The CTA laid out its safety measures in a post here. Including is its protocol for the cleaning of buses and trains:

  • Cleaning BEFORE Service: Every rail car and bus is cleaned before it leaves for daily service — this includes wiping down seats, stanchions, grab handles and surfaces with disinfectant, as well as sweeping and trash removal.
  • Cleaning WHILE IN service: Workers disinfect the high-touch surfaces of rail cars at all terminals after they finish a run and before they turn around for another run. Workers have also been stationed at the Navy Pier, Jefferson Park, Howard and Midway bus terminals to clean high-touch surfaces of buses serving 30 different routes.
  • Routine deep cleans: In addition to the daily cleanings, all vehicles undergo a routine “deep clean”, which entails intensive cleanings of the interior surfaces from the top of windows to the floor. Each night of the week, approx. 300 vehicles — 150 rail cars and 150 buses — are deep cleaned.  As part of this process, crews use a 3-in-1 product that cleans, disinfects and deodorizes all surfaces of the vehicles.

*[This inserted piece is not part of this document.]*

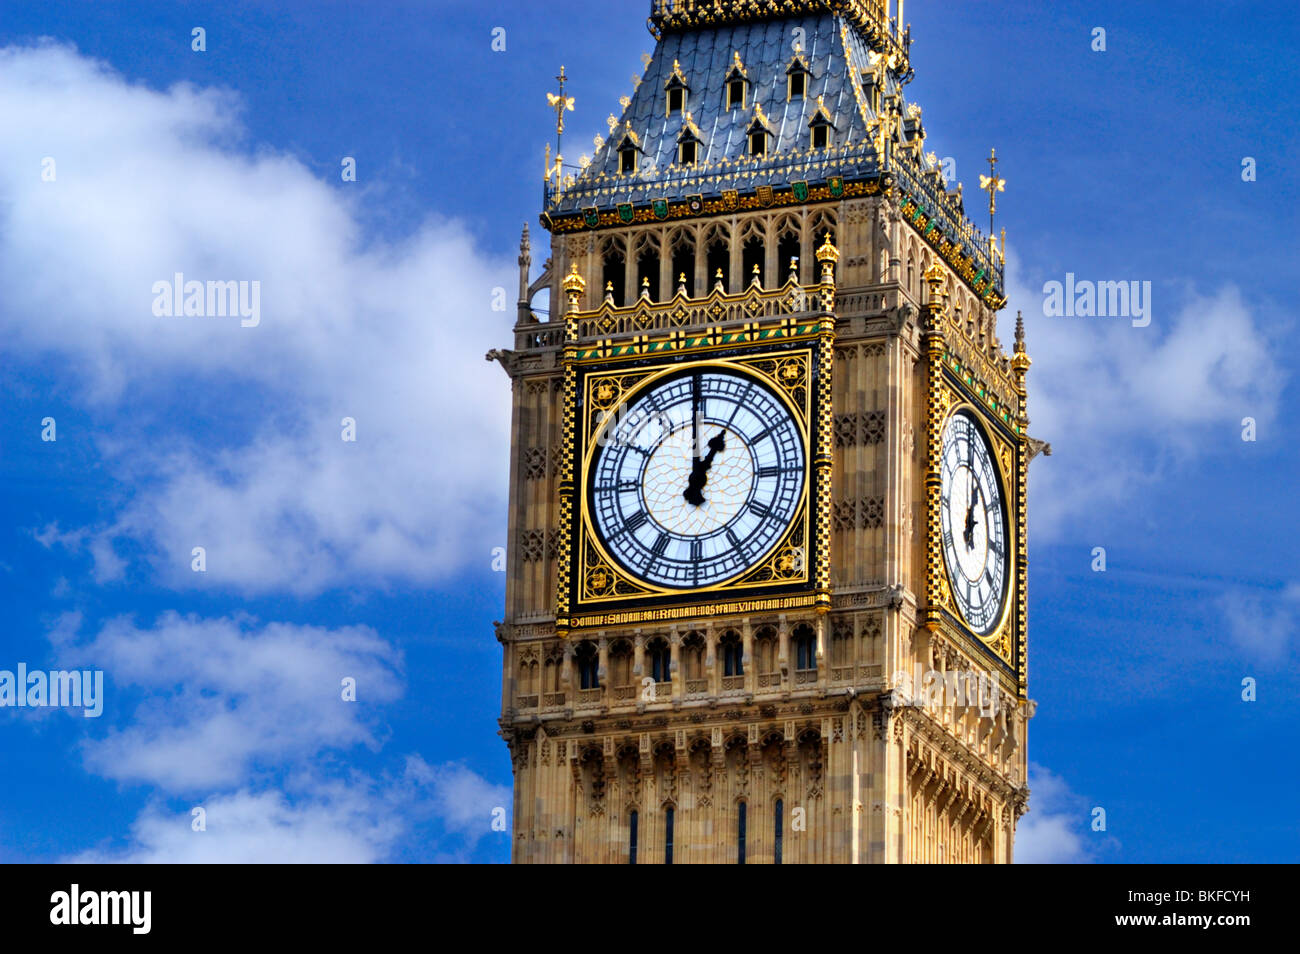 Big Ben (St Stephen's Tower) Clockface, London, England, UK Stock Photo

  • Electrostatic sprayers for deeper cleans: New eMist devices apply cleaning solution as a mist, providing for more thorough coverage. Machines will supplement our existing deep-cleaning measures and allow us to clean vehicles more efficiently and thoroughly
  • Anti-microbial surface coating: Currently testing new products on the interior of our vehicles that prevent certain materials (e.g. bacteria, viruses, liquids, etc.) from sticking to treated surfaces for an extended period of time.
  • UV cleaning technology: CTA is also investigating UV light cleaning, currently being pilot tested by New York City.
  • Mobile cleaning SWAT teams: Ten 4-5 member mobile teams will be deployed across the system to power wash our stations.